Why Bernie Sanders Wants To Make Credit Rating Agencies Into Nonprofits

The presidential hopeful says the industry has a major conflict of interest. He's not wrong.
When it comes to credit rating agencies, Democratic presidential candidate Bernie Sanders wants to remove profits from the picture entirely.
When it comes to credit rating agencies, Democratic presidential candidate Bernie Sanders wants to remove profits from the picture entirely.
Dennis Van Tine/ABACA USA

Bernie Sanders' financial reform plan is chock-full of clear goals, even if it's not always clear whether he can actually achieve them. He wants to break up the big banks. He wants to send financial fraudsters to prison. He wants to put a cap on ATM fees. And he wants to turn the country's credit rating agencies into nonprofits.

Wait, what?

The push to overhaul the rating agencies is one of the wonkier proposals to come from the Vermont senator. Why reform credit rating agencies? Despite what their name implies, these companies, such as Moody's and Standard & Poor's, are private, for-profit businesses that make money evaluating how risky debt is.

The problem is that they were spectacularly bad at evaluating risk when it came to the junk mortgage debt that triggered the financial crisis. Tens of thousands of mortgage securities were given triple-A ratings in the runup to the crisis, the Financial Crisis Inquiry Commission found. At the same time, there were only six triple-A-rated companies.

Of course, the rating agencies weren't the only parties that got it disastrously wrong on housing-related debt. They do, however, have a very specific conflict of interest: They are paid by the issuers of the debt, but they provide their services to the investors in the debt.

As a result, the rating agencies' business model includes a built-in incentive to produce shiny ratings that make issuers happy. And in the case of mortgage securities, those issuers were the banks.

Sanders' proposal is to change that business model -- to make it, in fact, not a for-profit business model at all.

Investors would not have bought the risky mortgage backed derivatives that led to the Great Recession if credit agencies did not give these worthless financial products triple-A ratings -- ratings that they knew were bogus.

And, the reason these risky financial schemes were given such favorable ratings is simple. Wall Street paid for them.

Under my administration, we will turn for-profit credit rating agencies into non-profit institutions, independent from Wall Street. No longer will Wall Street be able to pick and choose which credit agency will rate their products.

Take away the profit motive, the thinking goes, and the rating agencies will produce fairer assessments of risk for investors.

The strong implication is that under this plan, the banks and companies won't pay for the debt they issue to be rated. This is called the "issuer pays" model. The Sanders campaign did not respond to questions about who would pay and other specifics of the plan.

And so, the question is: If the issuers aren't going to pay for the credit ratings, then who is? Sen. Al Franken (D-Minn.) has a plan to randomly assign ratings work to different companies. Under this plan, the more accurately a company rates the riskiness of the debt it's assigned, the more business it gets. The issuer still pays, but the incentives are changed.

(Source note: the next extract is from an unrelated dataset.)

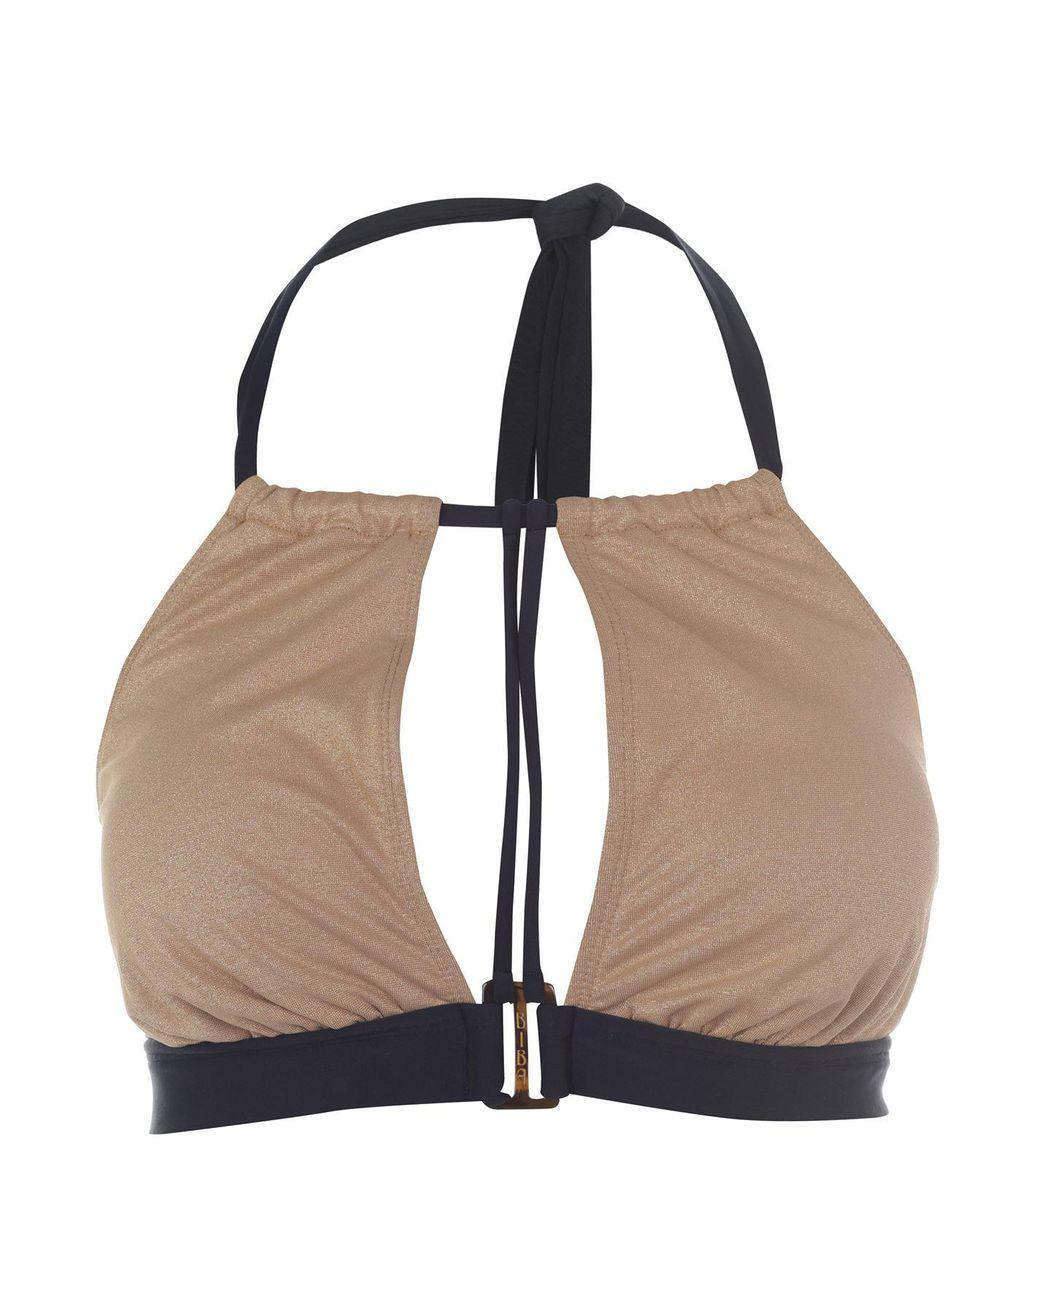 Biba Womens Naomi Metallised Briefs Bikini Elasticated Waist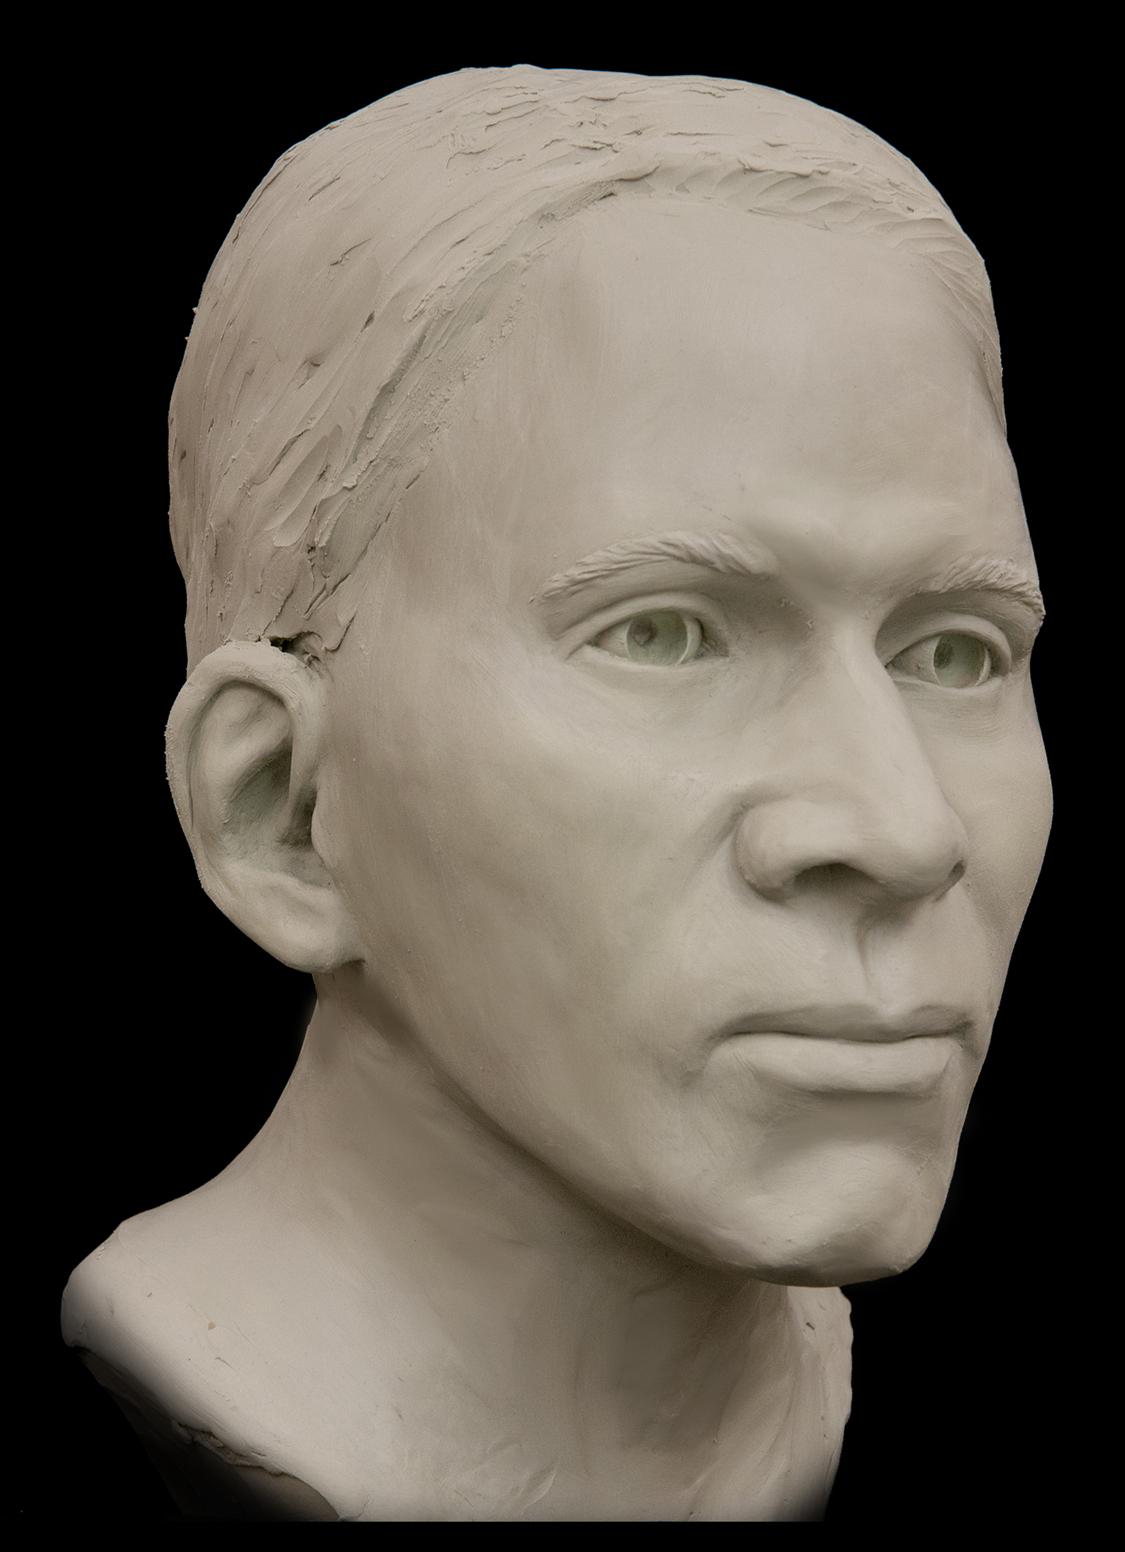 Caroline County John Doe (Younger decedent)

Or Sanders could try to make debt markets more like equity markets, where there are lots of analysts putting ratings on stocks. There is tension inherent in that model for stock research, and there have been glaring conflicts exposed in the past, but on the whole, because there are so many stock analysts, the individual stock ratings by themselves have very limited power.

There's also the question of why investors, who were harmed by the rating agencies' bad work, haven't taken it upon themselves to solve this issue. After the financial crisis, you might have expected a critical mass of pension funds and other investors not just suing credit rating agencies, but demanding that the agencies eliminate the conflict of interest by paying for their own credit ratings, rather than relying on the people issuing the debt to foot the bill. It didn't happen.

Maybe that's because big investors are expense-obsessed right now, largely for good reasons. Or maybe it's just logistically easier for the seller of the debt to pay for the rating. After all, while a single debt security can have thousands of potential buyers, it's only got one issuer.

But the trickier issue is that paying directly for ratings would require big investors to take more immediate responsibility for what they buy -- rather than just gobbling up anything with the right letters of the alphabet slapped on it, and blaming someone else when it turns out to be worthless.